Start of Block
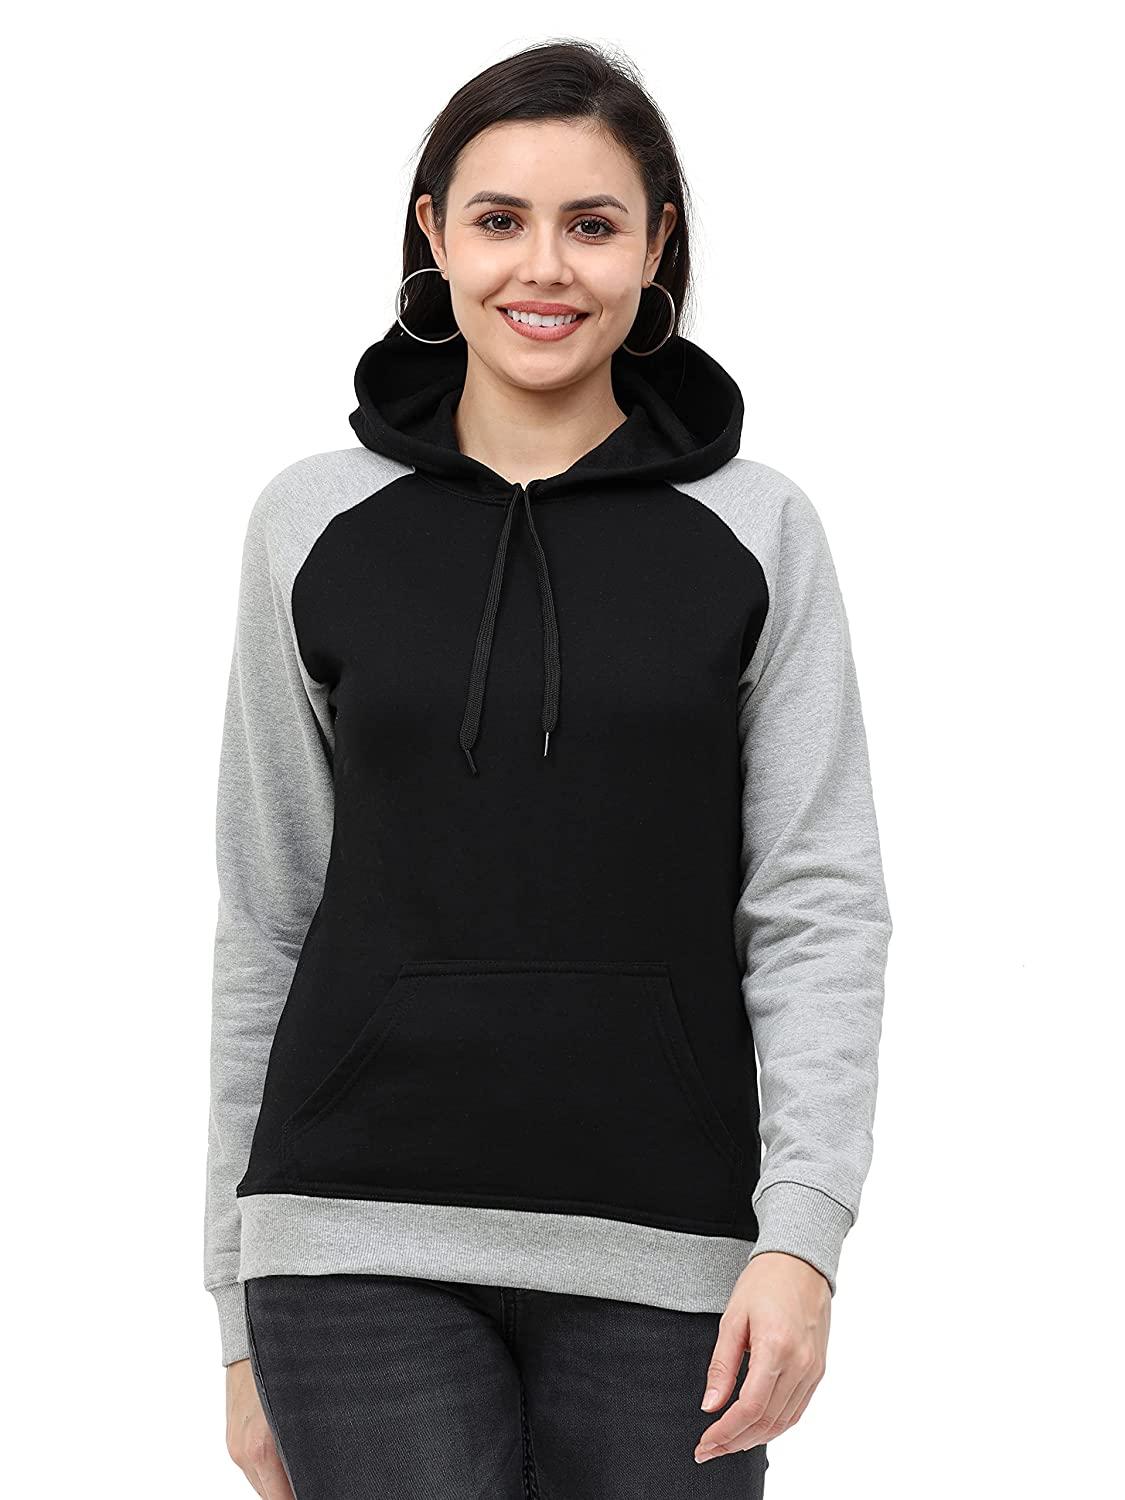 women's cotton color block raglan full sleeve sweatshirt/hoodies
End of Block
Start of Block
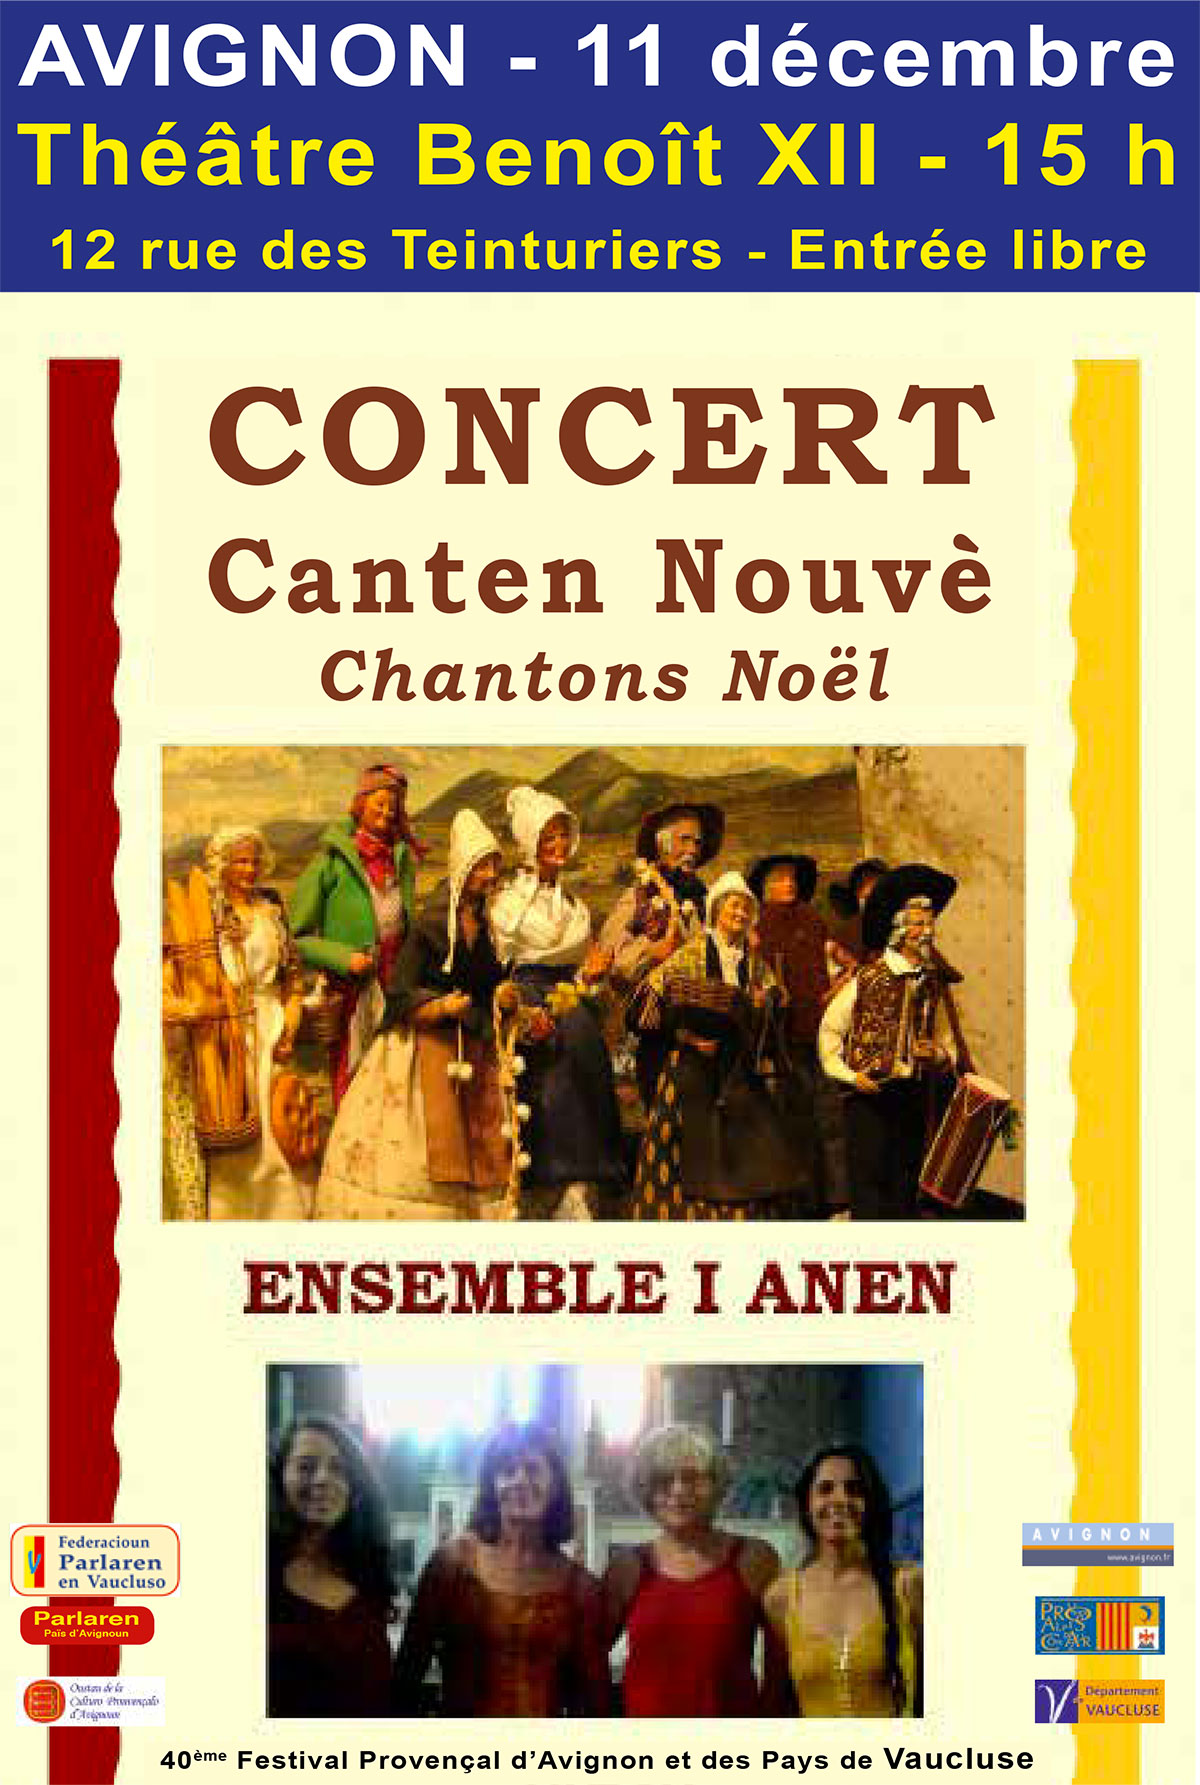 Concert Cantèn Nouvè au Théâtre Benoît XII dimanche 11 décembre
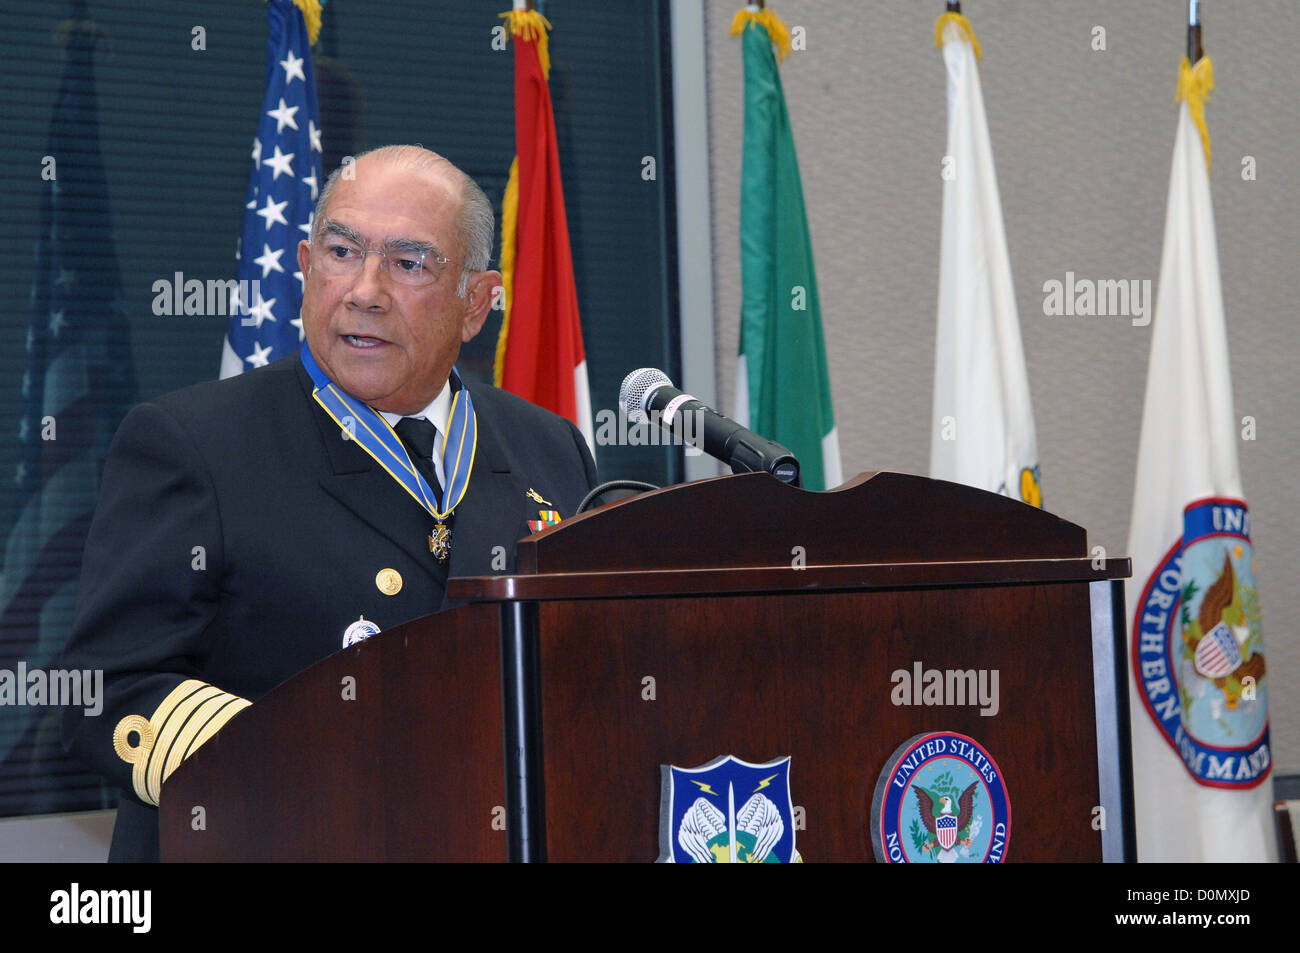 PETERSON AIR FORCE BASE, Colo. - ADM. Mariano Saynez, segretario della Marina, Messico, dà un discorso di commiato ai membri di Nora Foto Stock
End of Block
Would you set down only the lines above from the line with "Concert Cantèn Nouvè" to the line with "PETERSON AIR FORCE", both included, exactly as they stand and without the pictures?

 Concert Cantèn Nouvè au Théâtre Benoît XII dimanche 11 décembre
 PETERSON AIR FORCE BASE, Colo. - ADM. Mariano Saynez, segretario della Marina, Messico, dà un discorso di commiato ai membri di Nora Foto Stock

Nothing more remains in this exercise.